The case for Tor-over-QUIC - tor-dev

23 Mar 2018


      In Rome, I held a session about network protocol upgrades. My intent was
to cover the switch to two guards, conflux, datagram transports, and
QUIC. We ended up touching only briefly on everything but QUIC, but we
went into enough depth on QUIC itself that it was a worthwhile and very
productive session.
Our notes are here:
https://trac.torproject.org/projects/tor/wiki/org/meetings/2018Rome/Notes/Fu...
I wanted to give a bit of background and some historical perspective
about datagram transports for Tor, as well as explain those notes in
long form, to get everybody on the same page about this idea. With
the forthcoming IETF standard ratification of QUIC along with several
solid reference implementations (canonical list:
https://github.com/quicwg/base-drafts/wiki/Implementations), I believe
we are close to the point where we can finally put together a plan (and
a funding proposal) to undertake this work.
Consider this mail a pre-proposal to temperature check and solicit early
feedback about a Tor-over-QUIC deployment, before we invest the effort
to deep dive into the framing, protocol, and implementation details that
will be necessary for a full proposal.
# Historical Background
So, first: Tor has been considering UDP transports for a long time.
There have been a series of research papers on the topic, dating back to
Proposal 100 -- the very first Tor proposal:
https://gitweb.torproject.org/torspec.git/tree/proposals/100-tor-spec-udp.tx...
That proposal only examines adding an unreliable DTLS link between
relays, to enable transmission of unreliable (UDP) traffic end-to-end.
Despite being marked as Dead, it is a good conceptual starting point,
because it examines the relay-to-relay link crypto properties we need
from a datagram layer and has some good comments at the bottom.
However, adding the ability to simply carry UDP is not sufficient.
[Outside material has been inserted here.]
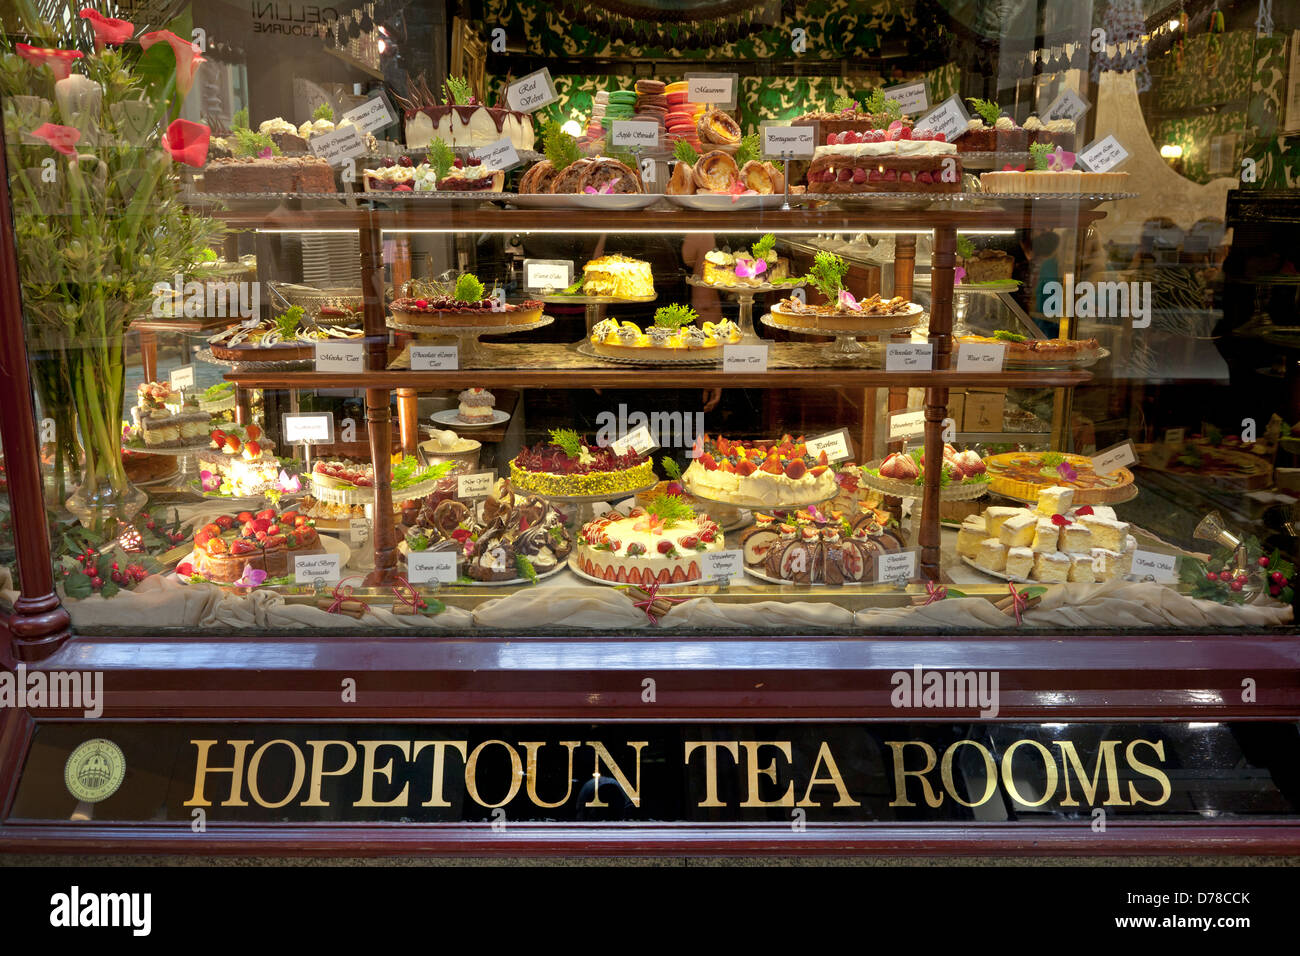 Melbourne Hopetoun Tea Room
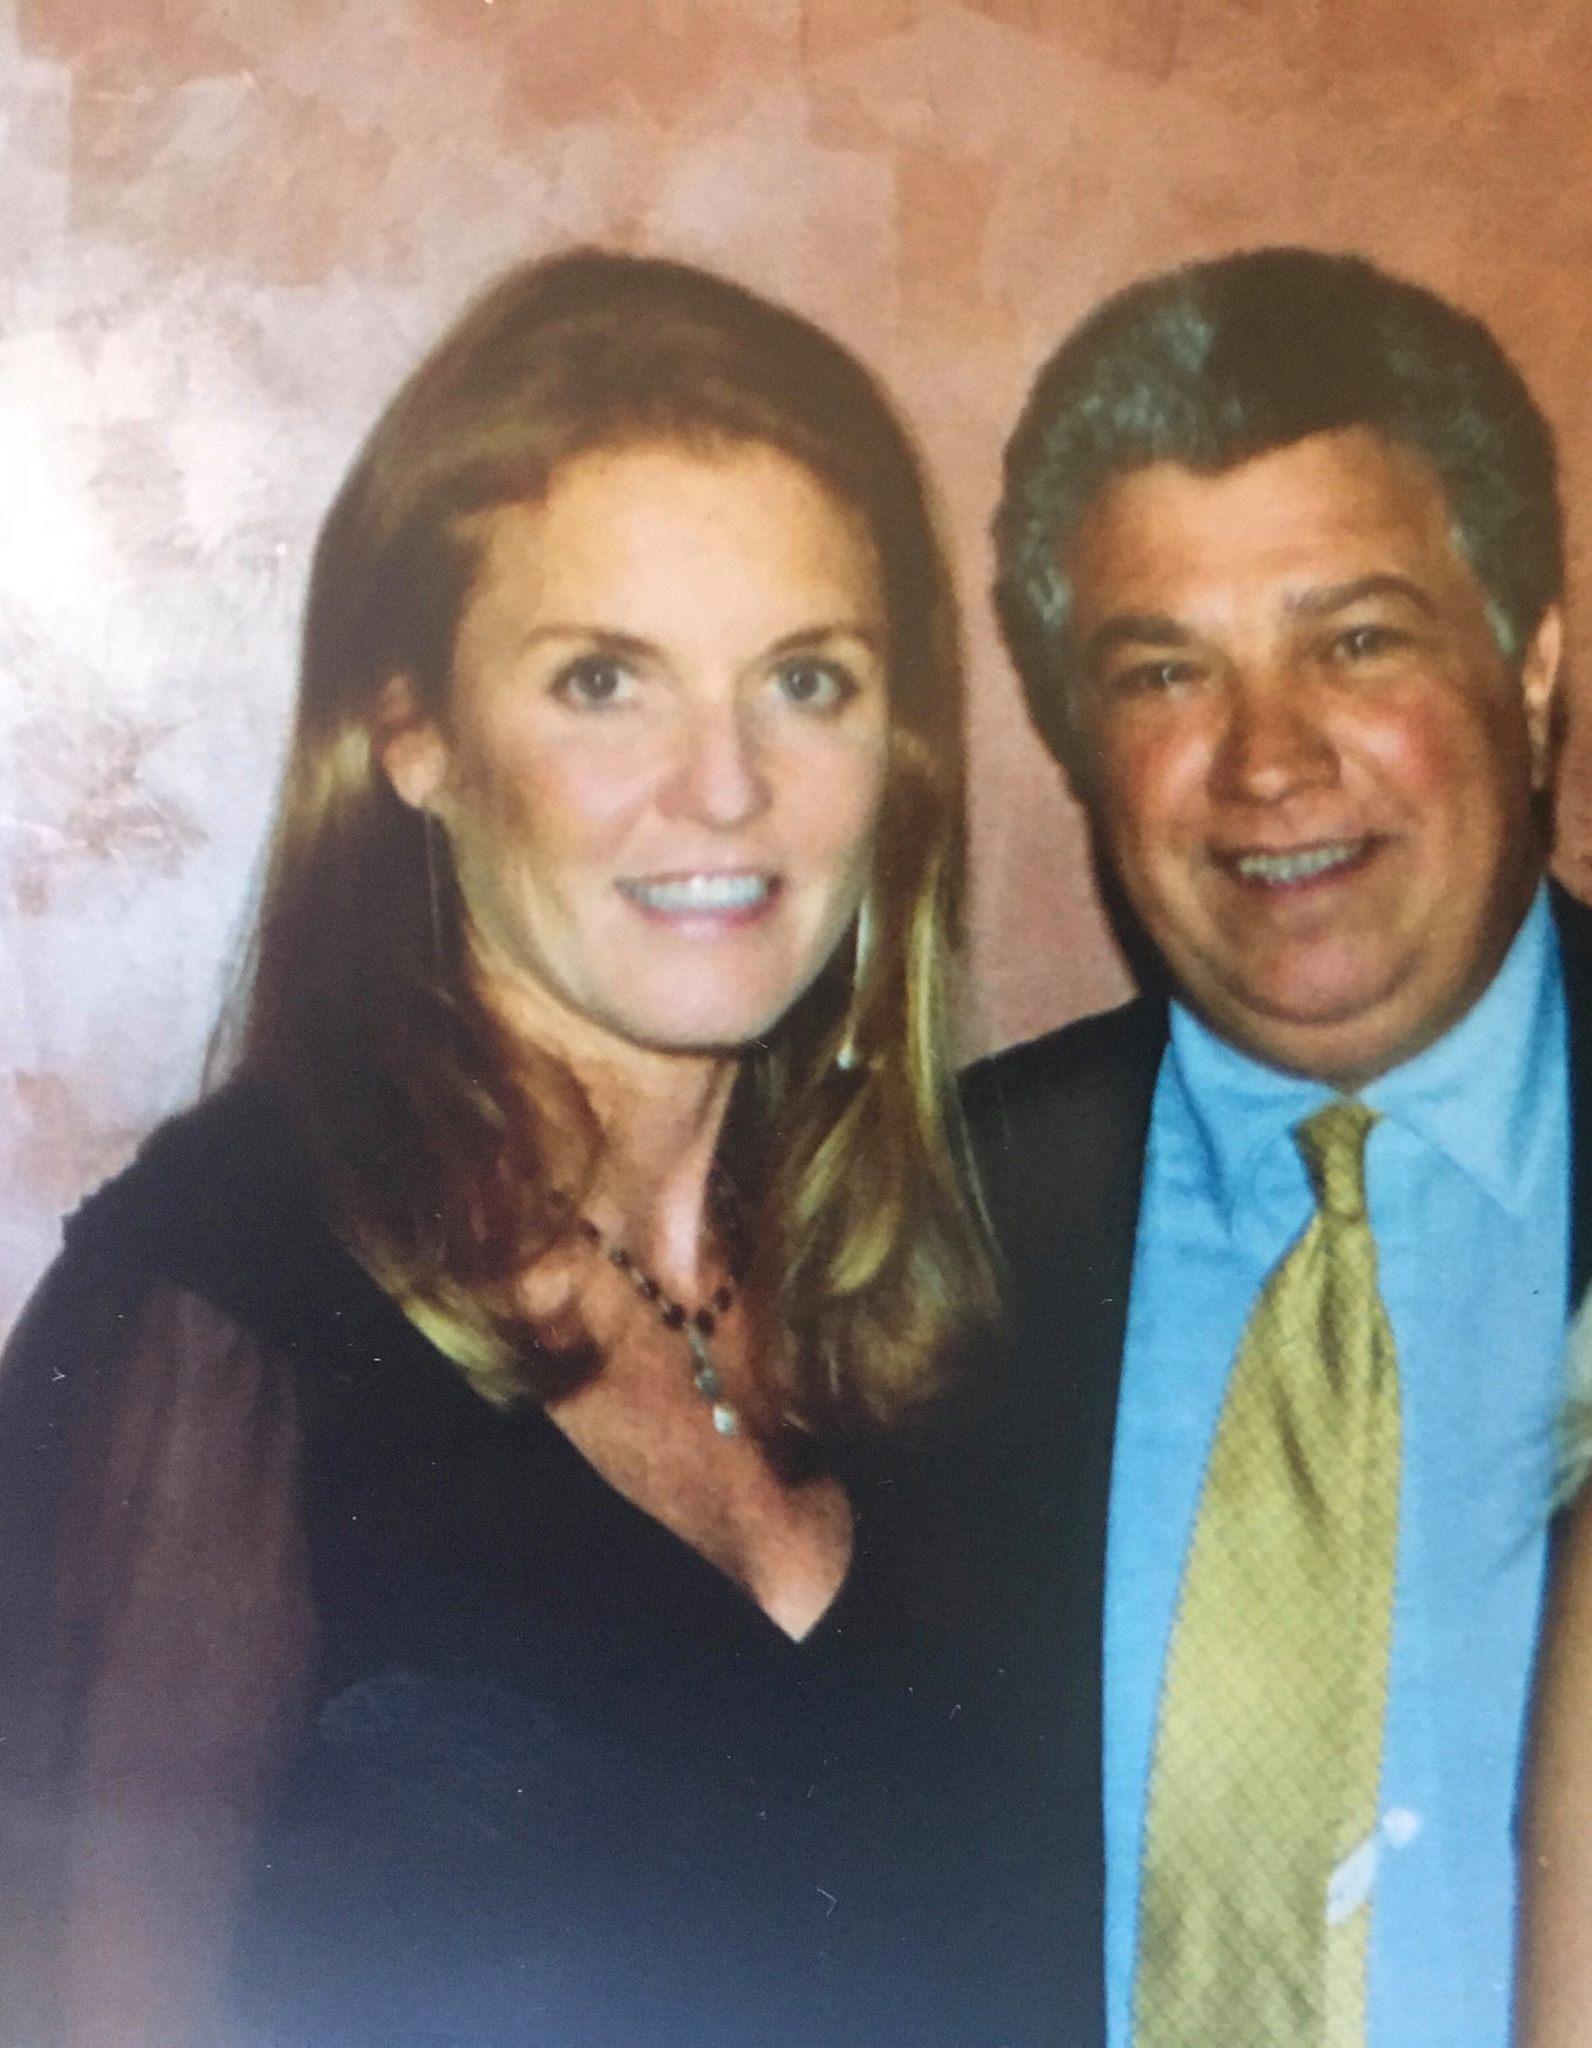 Michel Bittan and the Duchess

What
we have always really wanted is to transition the network to some form
of end-to-end drop-based reliable congestion and flow control. There are
numerous benefits from such a transition.
Drop-signaled end-to-end congestion control means that instead of having
to maintain arbitrary queues at relays (to make room for Tor's fixed
SENDME window sizes for every single Tor circuit -- which as we have
seen does not scale and is vulnerabe to DoS and OOM attacks), we can
instead use a global fixed-length queue at each relay, and have each
relay simply drop packets when this queue is full. This behavior mirrors
how the internet works, and will not only put an upper bound on the
end-to-end queuing latency of the Tor network, but it will also allow us
to better ensure fairness, eliminate OOM conditions, and mitigate DoS
and congestion attacks. QUIC's stream management and byte-acked teardown
mechanisms will also eliminate a class of sidechannel issues in Tor
where an adversary gets to send ignored data on invalid and/or recently
closed streams: https://trac.torproject.org/projects/tor/ticket/25573
Furthermore, the switch to a secure datagram link protocol will
eliminate RST spamming attacks, where an adversary spoofs RSTs to/from
relay IP addresses to tear down our TLS links to gain information from
the resulting circuit failures and retries across the network.
Prior to the advent of QUIC, we studied many options for achieving
end-to-end congestion control, but have found all of them to be lacking
in one way or another. In 2011, Steven Murdoch did a literature review
of these approaches:
https://research.torproject.org/techreports/datagram-comparison-2011-11-07.p...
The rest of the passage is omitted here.